Mr. Yeung is a Practising Certified Public Accountant in Hong Kong and senior member of the accountancy professions, i.e. Fellow, Chartered Institute of Management Accountants; Fellow, Chartered Association of Certified Accountants; Fellow, Chartered Institute of Secretaries and Administrators; Fellow, Hong Kong Institute of Certified Public Accountants and Taxation Institute of Hong Kong.
Mr. Yeung is the vice chairman of the Hong Kong General Chamber of Commerce and the chairman of the Management Consultancies Association of Hong Kong.
Mr. Yeung is also a council member of the Hong Kong Trade Development Council.
Furthermore, Mr. Yeung is a member of the Rehabilitation Advisory Committee, the Professional Services Development Assistance Scheme Vetting Committee and the Manpower Development Committee appointed by the Chief Executive of the Government of the HKSAR. Mr.

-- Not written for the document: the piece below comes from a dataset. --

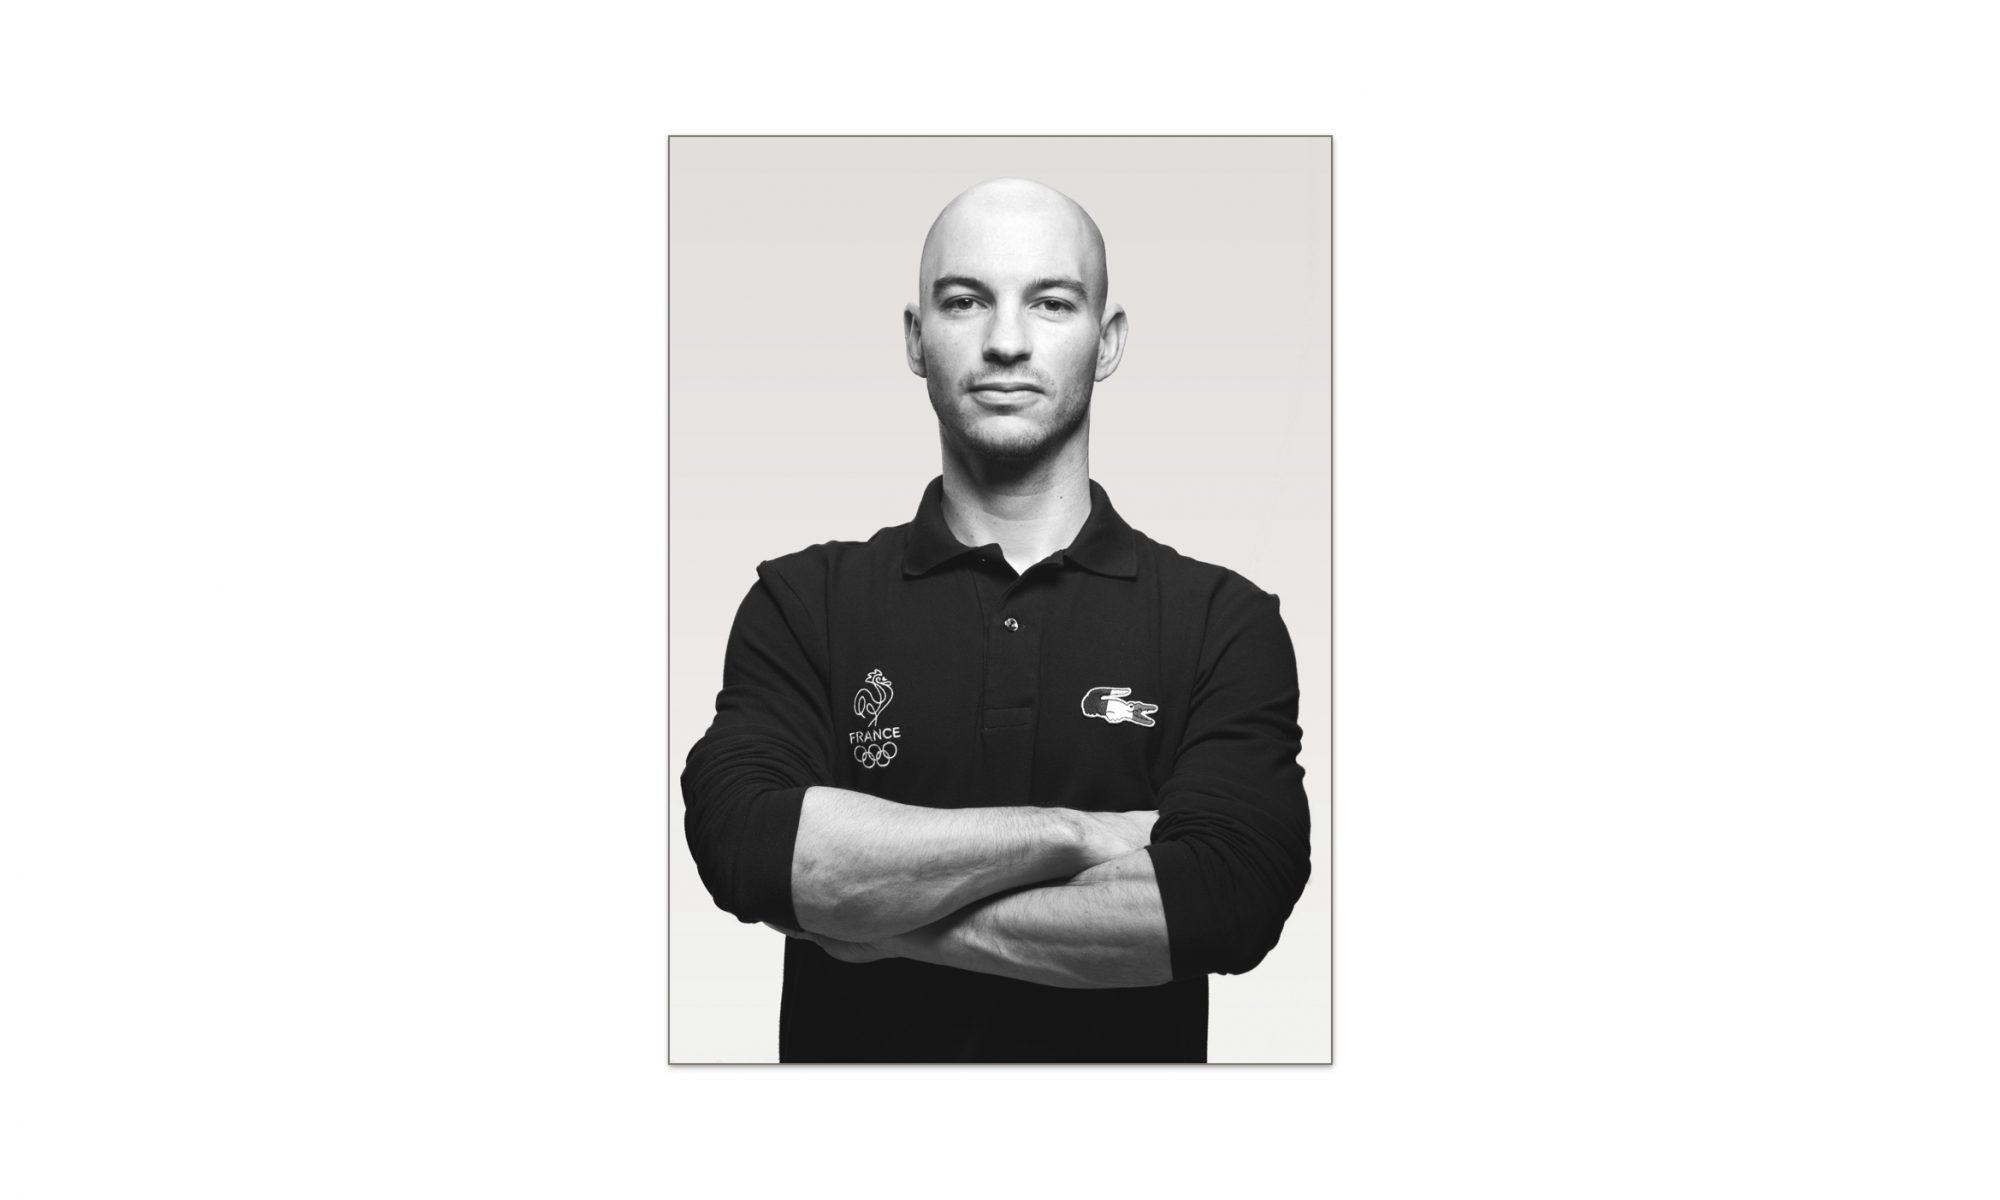 Romain Thomas France

Yeung is also a member of the Trade and Industry Advisory Board appointed by the Secretary for Commerce, Industry and Technology and a member of the Innovation and Technology Fund General Support Programme Vetting Committee appointed by the Secretary for Commerce, Industry and Technology.
Mr. Yeung is the chairman of the Hong Kong Trade and Industry Department's Customer Liaison Group for Small and Medium Enterprises appointed by the Director-General of Trade and Industry.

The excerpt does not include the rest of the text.